The arrival of the diplomatic convoy at Alkayja Station proceeded much more amiably and quietly than anyone would have expected of such an historic event, and one so long awaited. There were no bands playing, no proclamations or ranks of Starwolves in dark armor. The three cruisers docked side by side in the bays reserved for diplomatic vessels, as seldom as those came, and a small group of visitors filed out into the wide promenade corridor to meet Velmeran, Tregloran, and Jaeryn of the Starwolves, and the former Republic represented by Laroose and the Station Commanders.

The Union delegation was something of a surprise, and larger than Velmeran would have expected despite the presence of the three ships. The entire Union High Council was present, the High Councilors of all eighteen Sectors, and nearly half of the Sector Commanders as well. Even Maeken Kea was there as the acting High Commander of the Combined Fleet. She was in curious ways like a Starwolf herself, a diminutive woman of almost elfin features, quiet and seemingly innocent in manner, yet deceptively cunning and deadly.

The Valcyr had moved in quickly and docked herself well ahead of the slow Union cruisers. Keflyn had found Velmeran soon enough, and she related her long stories as quickly as possible. When the Union delegation arrived later, Maeken Kea took the news very hard. They had not known of the defeat of Commander Trace’s assault force, since news could not have come quicker to them than the Valcyr herself.

“Even Don suspected that the Starwolves would confound him in the end,” Maeken Kea said, as she stood with Velmeran and Councilor Lake after Keflyn related her story a second time. “I feel sorry for him, more than anything.”

“And yet he kept you in reserve, for this,” Velmeran said.

She shook her head firmly. “He never knew that the High Council meant to offer surrender if he failed. He honestly believed that, no matter how things turned out, he had put you at too many disadvantages for you to recover. Too many of the errors in tactics were his own.”

“We were lucky,” Velmeran told her. “He never expected the defection of his own Starwolves even before the battle began. And none of us expected the recovery of the Valcyr and her defeat of an entire Fortress fleet.”

He turned abruptly to Richart Lake. “Why do we not go for a short walk, just you and I?”

“What, now?” Lake was surprised, but obviously not reluctant to the idea.
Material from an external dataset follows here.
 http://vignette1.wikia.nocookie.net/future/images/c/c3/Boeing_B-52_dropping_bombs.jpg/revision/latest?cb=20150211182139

“What better time?” Velmeran asked. “I am not a diplomat or a politician, yet I find myself the temporary ruler of an interstellar empire. You seem to be speaking on behalf of the Union. The things that we are about to decide have to serve hundreds of worlds for a very long time, so we have to get it right.”

Leaving the others to stare, they turned and walked slowly along the wide promenade deck, occasionally glancing out the wide bank of windows to one side. If Richart Lake had been taken by surprise by this remarkable approach to interstellar diplomacy, he also seemed quietly impressed. For his own part, Velmeran was beginning to suspect that there was more of the old Jon Lake in his grandson Richart than anyone had credited. “I am going to make a deal with you,” the Starwolf continued. “The first problem with such negotiations is that each side must figure out what the other wants, then work to some mutual agreement. That slows things down and adds too much opportunity for error. I am going to tell you what I want out of this, and you are going to tell me what you want.”